Rapid shifts in consumer behavior are driving a prolonged transitional phase in digital engagement strategies
Customer behavior is no longer predictable in the traditional sense. AI assistants are now influencing how people search, decide, act, and convert. But the infrastructure most brands are using wasn’t built for this level of automated interaction. That gap between expectation and capability is widening, and it’s going to stay that way for a while.
Consumers are increasingly asking AI to take action for them, place orders, make reservations, find services, even solve technical problems. But most brand systems weren’t designed to handle those requests without human input. The result is a transitional state: a mix of old user interfaces and new AI behaviors, overlapping and sometimes clashing.
Jason Maynard, CTO at Zendesk, points out that we’re in a “messy middle.” AI is moving fast, but the platforms businesses rely on are still catching up. The infrastructure to fully support AI-mediated customer journeys just isn’t there yet. So we’re working with both human interfaces and machine logic at the same time.
That’s not a reason to pause. It’s a reality check. Leaders need to guide strategy through this phase with flexibility.
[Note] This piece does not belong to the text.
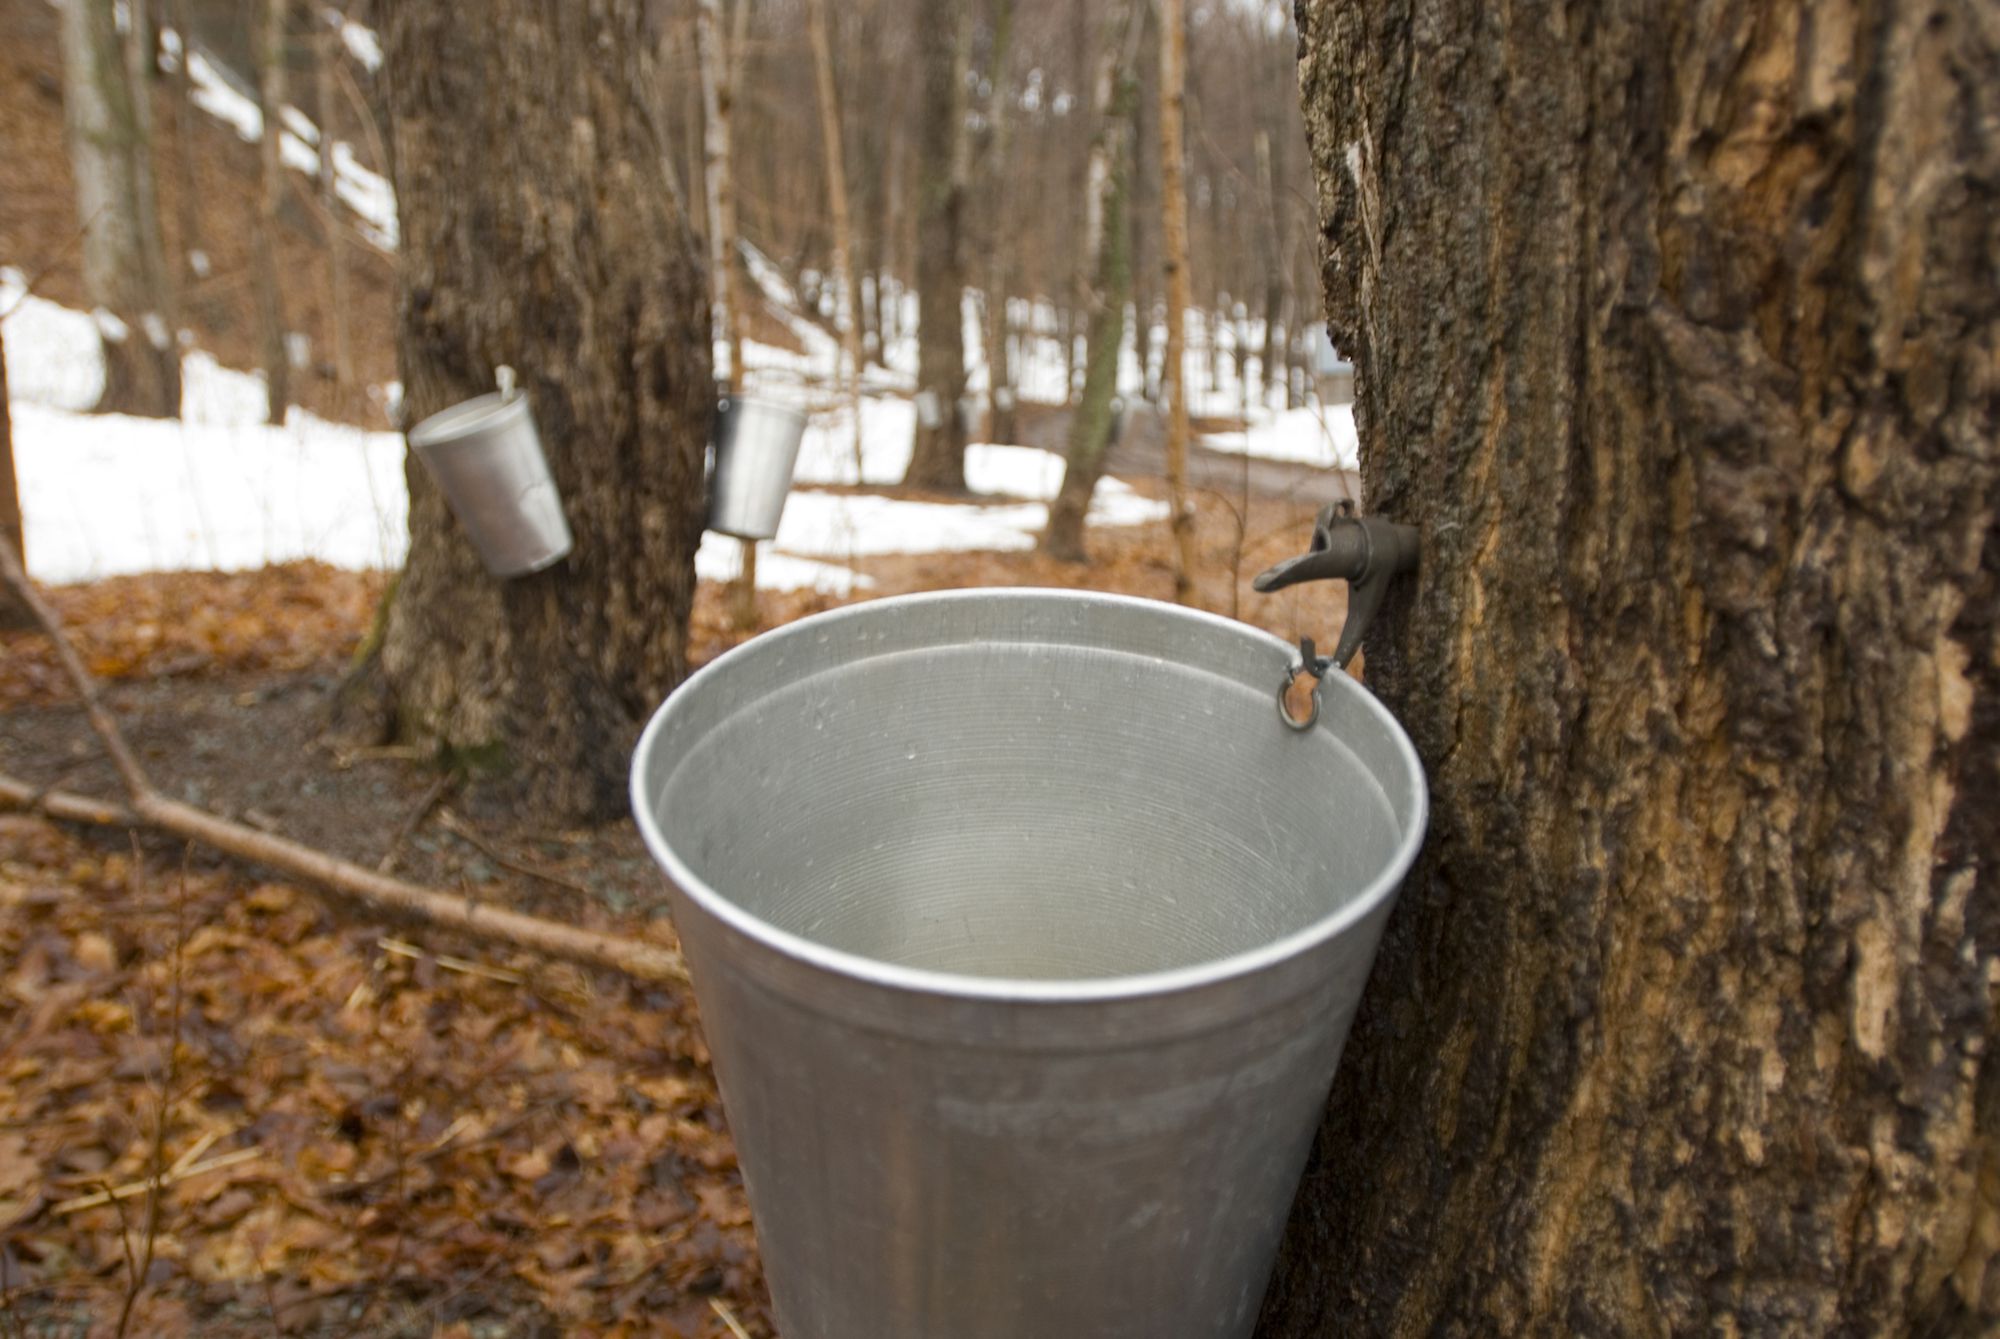 what types of maple trees produce syrup

This period offers an opportunity to experiment across channels, test AI integrations, and make foundational upgrades, without a single blueprint, because there isn’t one yet.
Customer expectations are evolving whether your systems are ready or not. Brands that iterate through this transition, rather than wait for clarity, are going to outperform. Success here comes from doing, learning, and adapting faster than the change itself. That’s where competitive advantage is being built right now.
Recap
This shift isn’t coming, it’s already here. AI assistants are driving a fundamental change in how people interact with digital products and services. The platforms you’ve built over the last decade weren’t designed for this kind of interface, and if they’re not rebuilt now, they’ll become invisible.
This isn’t about keeping up with a trend. It’s about remaining accessible in an AI-driven world where machines decide what’s seen, recommended, and transacted. The old rules of SEO and UX don’t apply anymore. Visibility now depends on structure, semantics, and whether your platform can speak the language of AI.
For executives, the opportunity is clear: lead the transition while others hesitate. Invest in infrastructure. Prioritize machine readability. Make every digital asset usable by both humans and AI, because soon, the AI will be the only interface that matters.
Wait too long, and you’re building in silence. Move early, and you’re part of the next layer of growth. The future is already choosing what it listens to. Make sure it can hear you.